That's it. That's all he said about Medicare for All. It's a "new" (huh?) good idea, some Democrats who aren't party leaders are running on it, ergo support all Democrats at the polls in November. Obama failed to mention that his own first set of official endorsements for Democratic candidates does not include the names of such Medicare for All proponents as Alexandria Ocasio Cortez, or in fact any progressive primary challengers to sitting congress critters. He is not endorsing these progressive policies outright, but only insinuating that he is for the express purpose of getting disaffected young people to the polls. It's a classic bait and switch, but the mainstream press is jumping all over that one little paragraph in an act of massive complicity.

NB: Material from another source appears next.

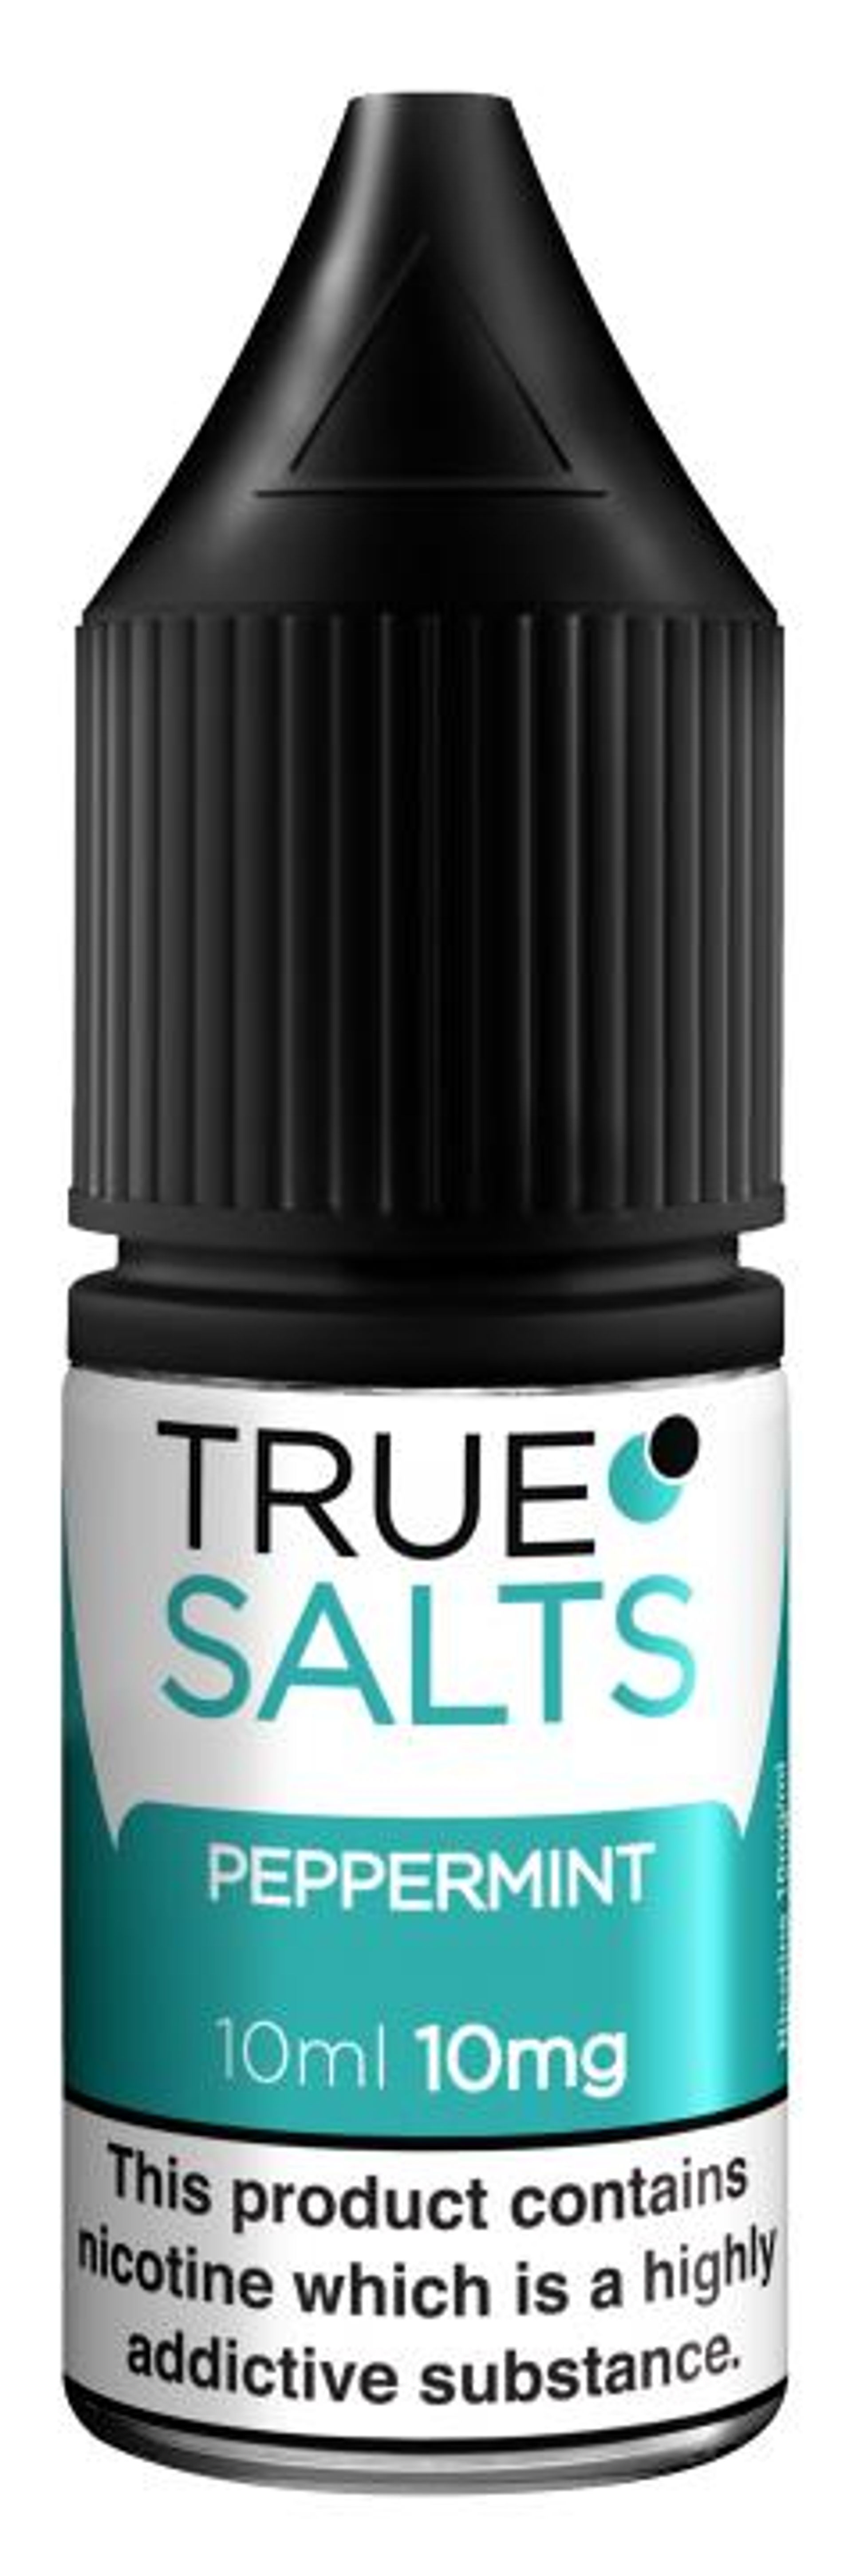 Image of Peppermint by True Salts
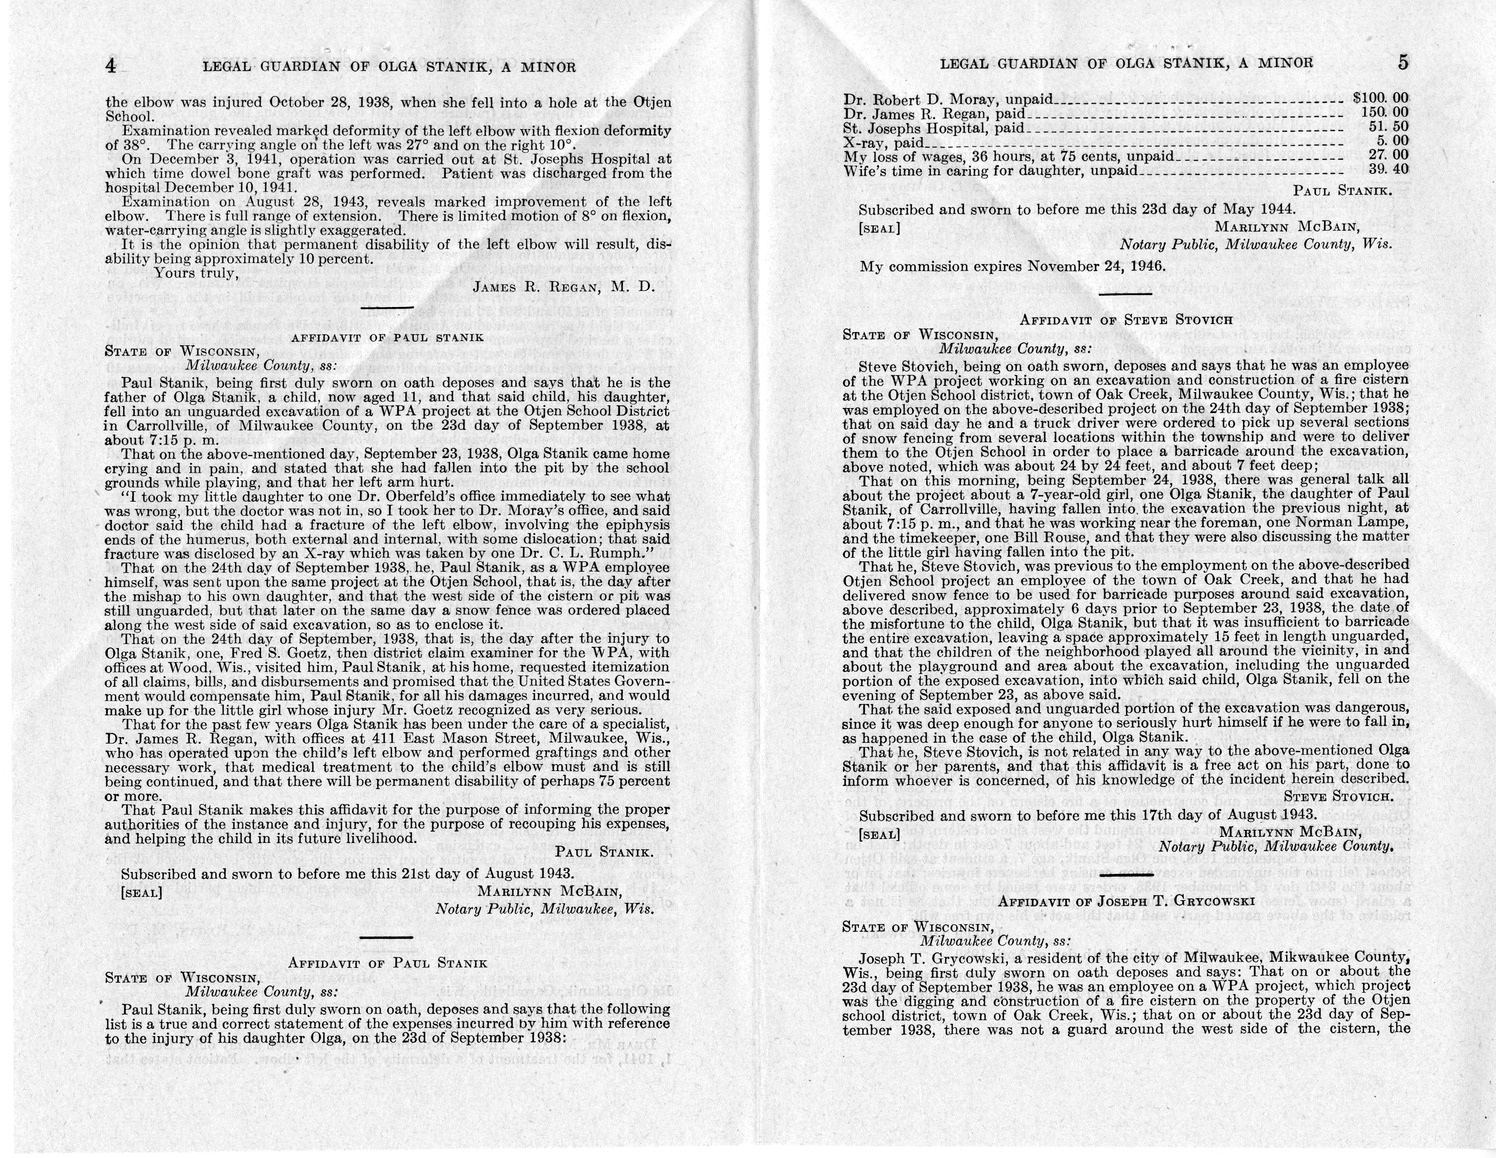 Memorandum from Frederick J. Bailey to M. C. Latta, H. R. 3514, For the Relief of the Legal Guardian of Olga Stanik, a Minor, with Attachments

In another bit of classic Obama, the former president began the speech by praising the civil rights and economic justice warriors of yesteryear, not as examples we should emulate via direct action, but merely as examples of who should inspire us to dutifully cast our votes for Democrats:
 I cannot tell you how encouraged I’ve been by watching so many people get involved for the first time or the first time in a long time. They’re marching and they’re organizing and they’re registering people to vote and they’re running for office themselves.
Obama made absolutely no mention of the recent teacher strikes, including the latest actions in Washington state and (soon) in Los Angeles.

The corporate media are not calling out Obama on this bit of right-wing humblebragging, either:

And by the time I left office, household income was near its all-time high, and the uninsured rate hit an all-time low, poverty rates were falling. I mention this just so when you hear how great the economy is doing right now, let’s just remember when this recovery started. I’m glad it’s continued, but when you hear about this economic miracle that’s been going on, when the job numbers come out, monthly job numbers and suddenly Republicans are saying it’s a miracle, I have to kind of remind them, actually, those job numbers are the same as they were in 2015 and 2016 and -- anyway. I digress.
So we made progress, but -- and this is the truth -- my administration couldn’t reverse 40-year trends in only eight especially once Republicans took over the house of representatives in 2010 and decided to block everything we did. Even things they used to support.
So we pulled the economy out of crisis, but to this day, too many people who once felt solidly middle class still feel very real and very personal economic insecurity. Even though we took out bin Laden and wound down the wars in Iraq and Afghanistan, got Iran to halt its nuclear program, the world’s still full of threats and disorder that come streaming through people’s televisions every single day. And these challenges get people worried and it frays our civic trust and it makes a lot of people feel like the fix is in and the game is rigged and nobody’s looking out for them.
Correction: household income for only the richest 10 percent is at an all-time high. And of course, if you average Jeff Bezos's wealth with that of the average Amazon employee, then yes, household wealth has skyrocketed.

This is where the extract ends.